■ INFORMATION PROVIDED ■
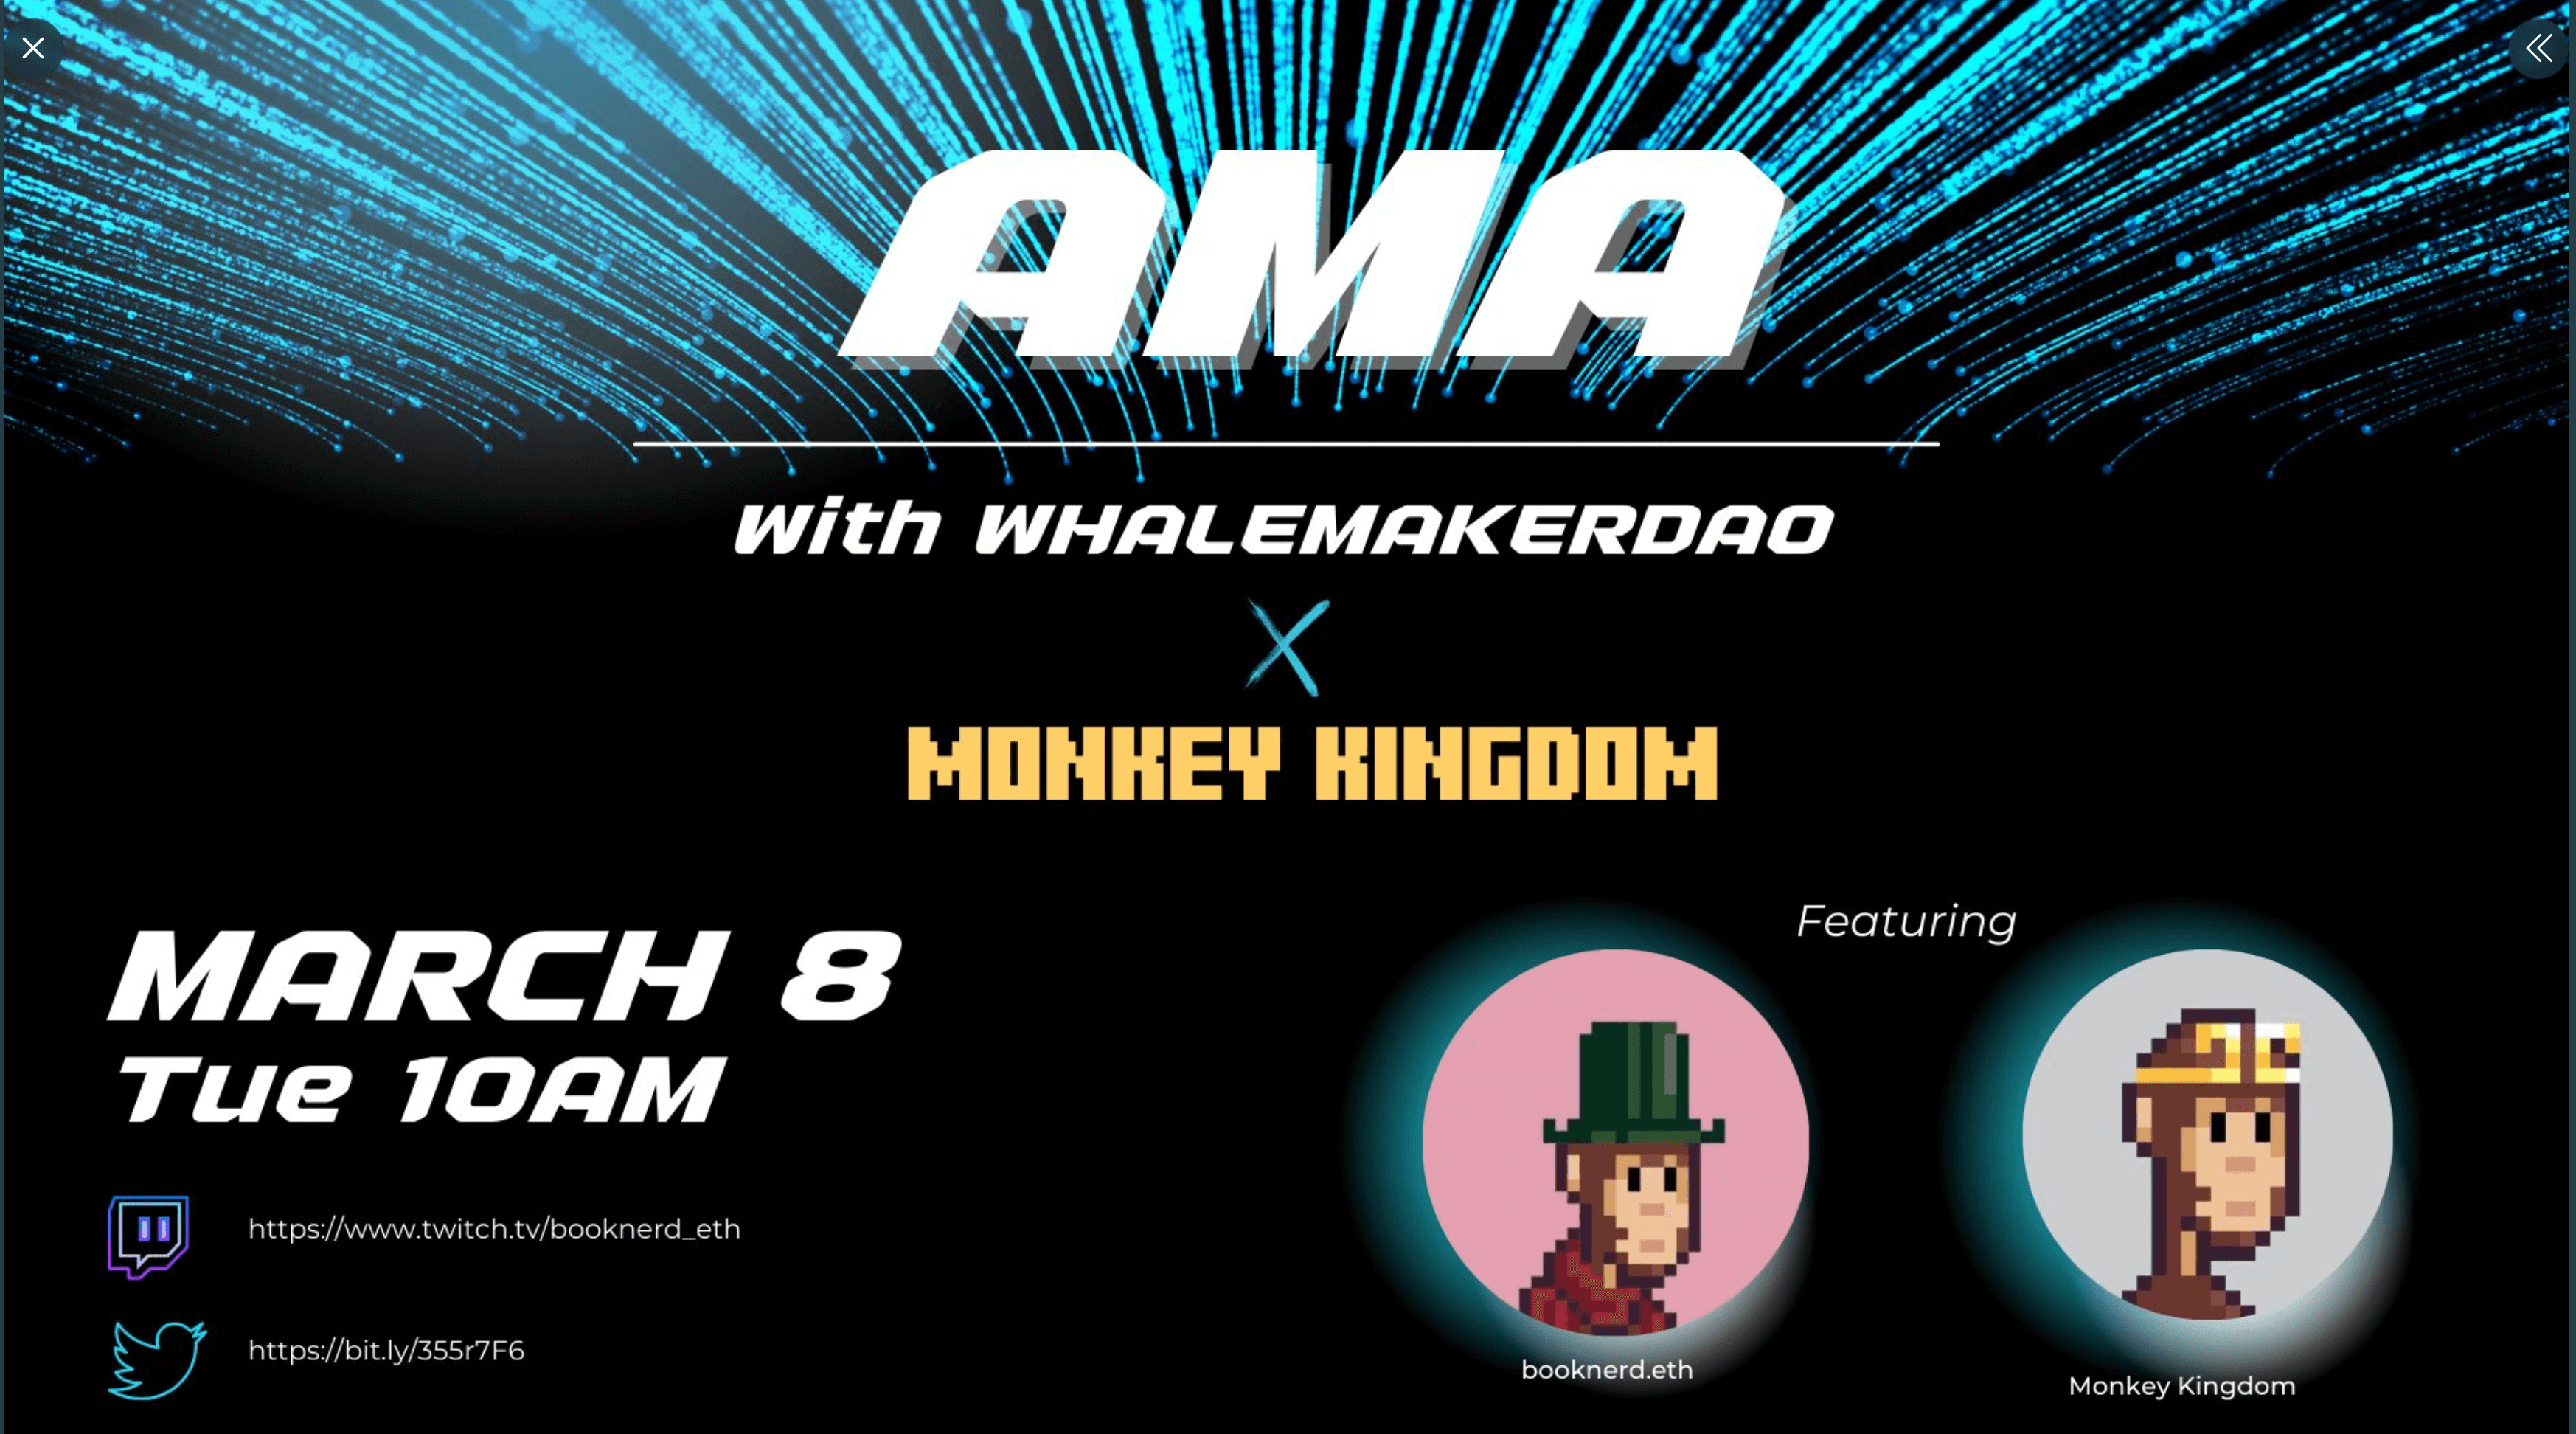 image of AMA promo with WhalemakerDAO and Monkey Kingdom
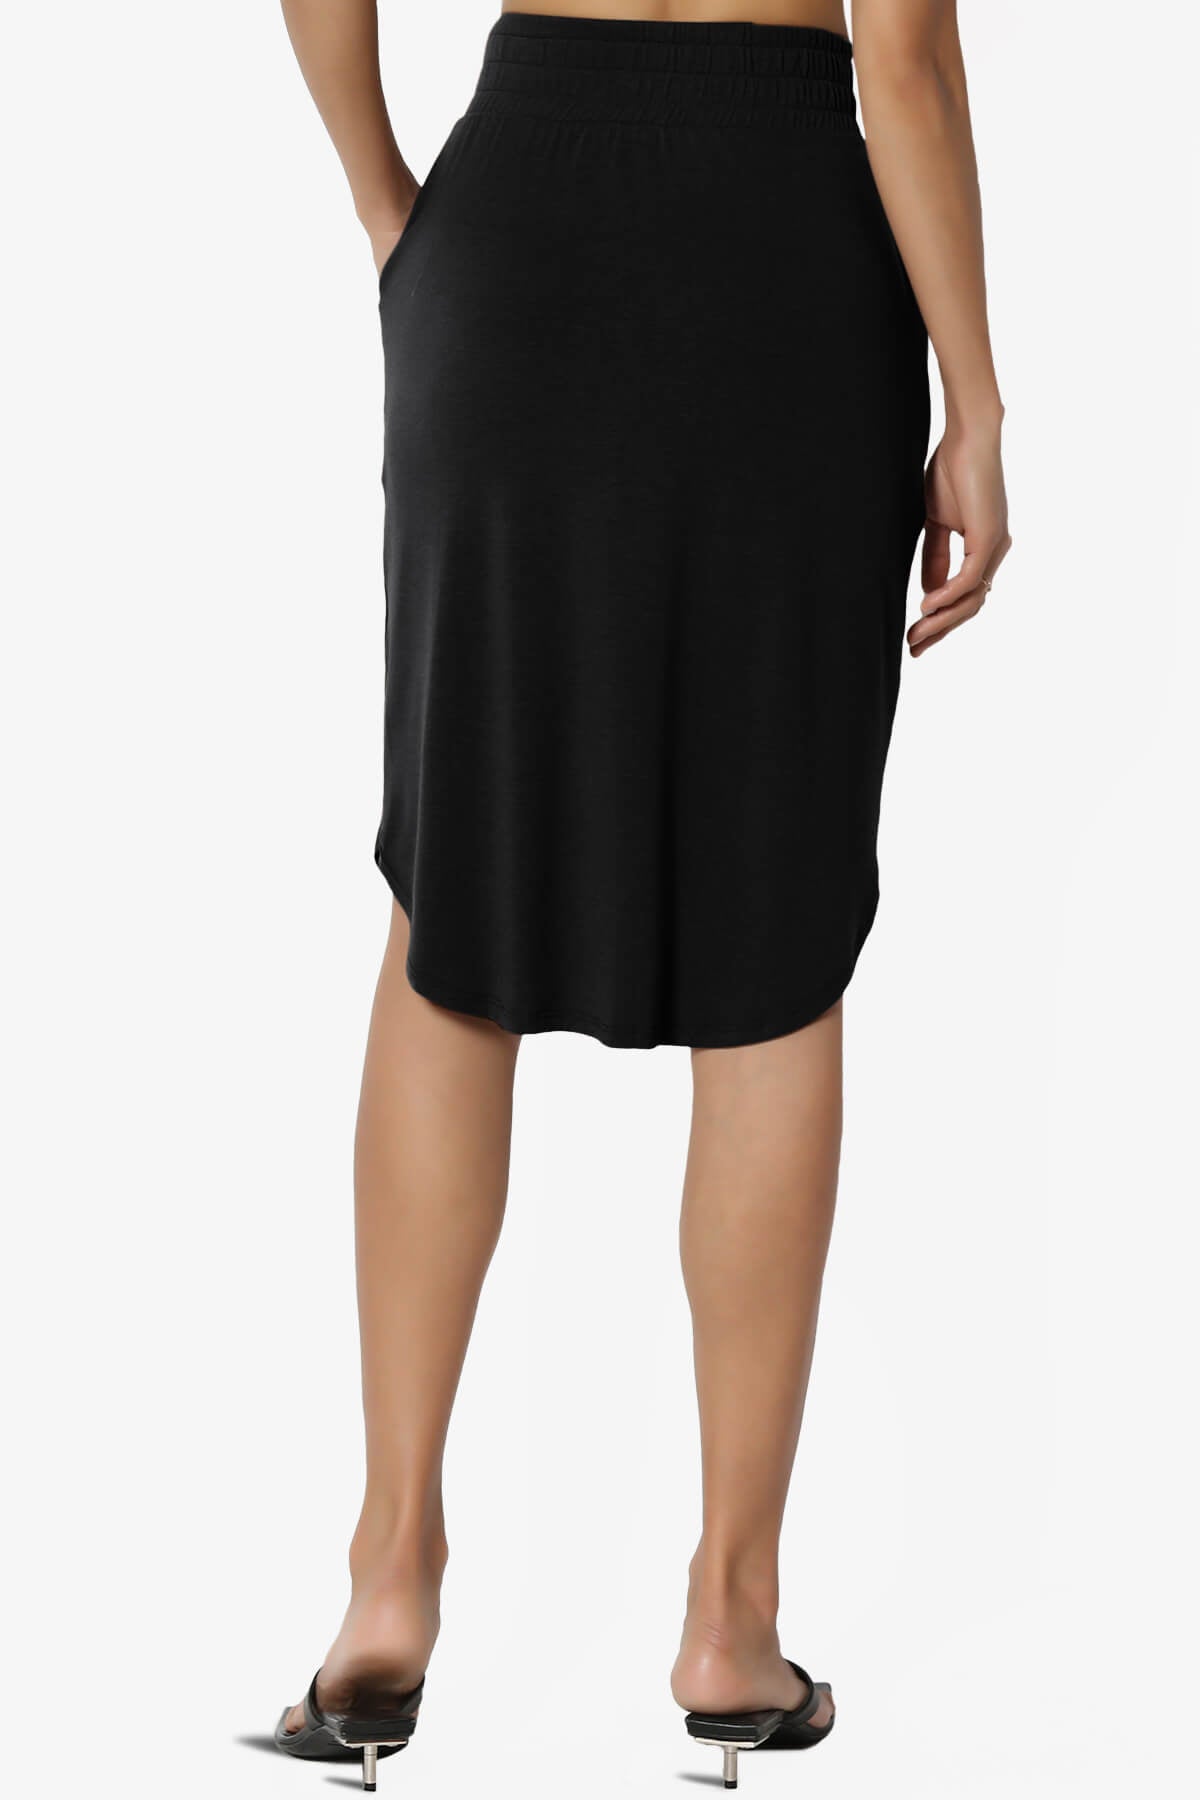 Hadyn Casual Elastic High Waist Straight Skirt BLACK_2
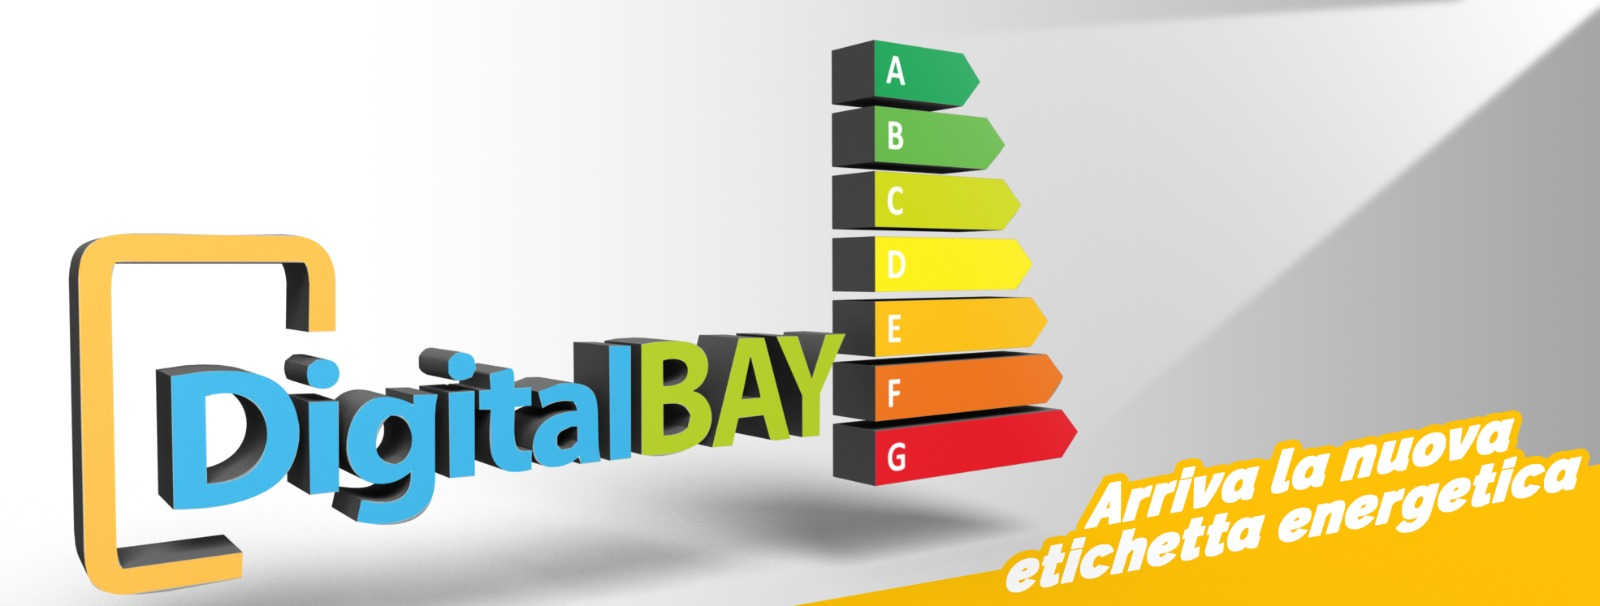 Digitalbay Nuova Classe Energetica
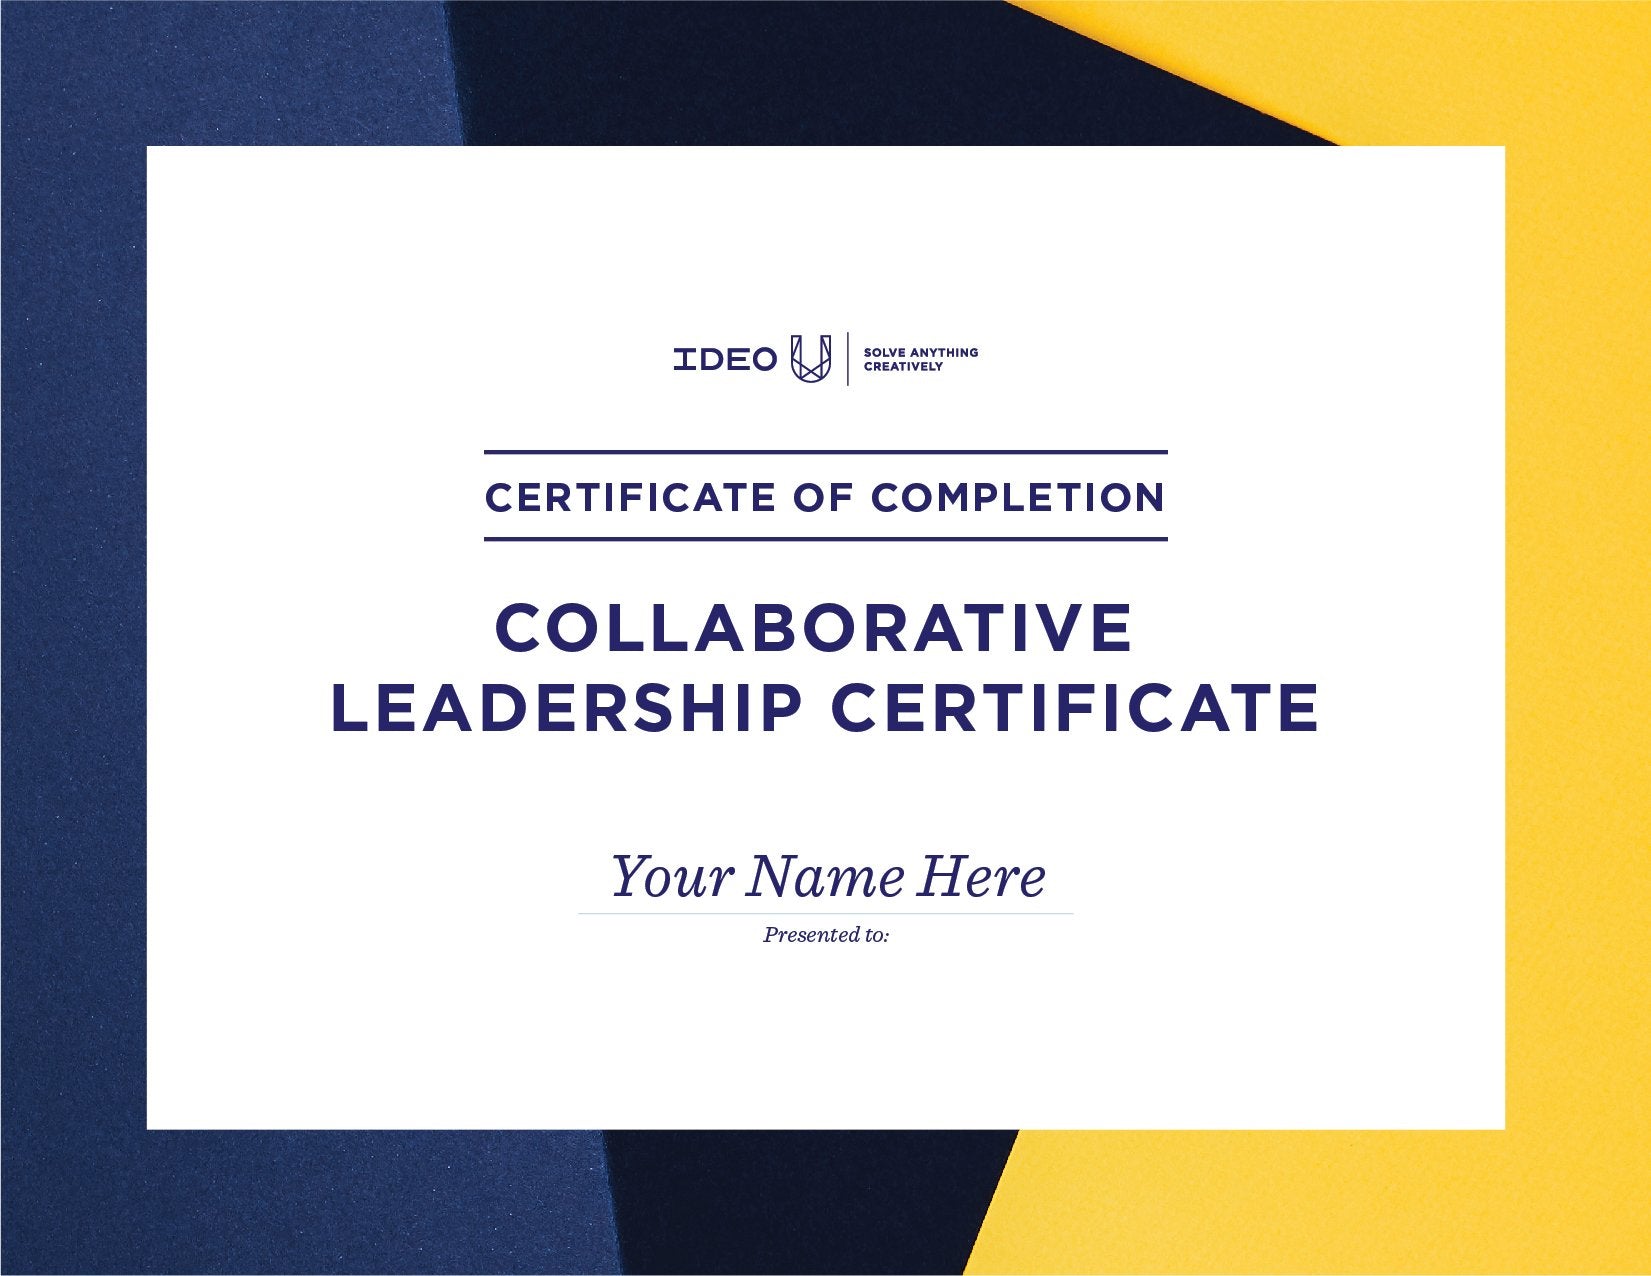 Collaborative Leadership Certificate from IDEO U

■ WORK ITEM ■
Write out the listing above exactly as it stands, pictures excluded.

■ ANSWER BELOW ■
 image of AMA promo with WhalemakerDAO and Monkey Kingdom
 Hadyn Casual Elastic High Waist Straight Skirt BLACK_2
 Digitalbay Nuova Classe Energetica
 Collaborative Leadership Certificate from IDEO U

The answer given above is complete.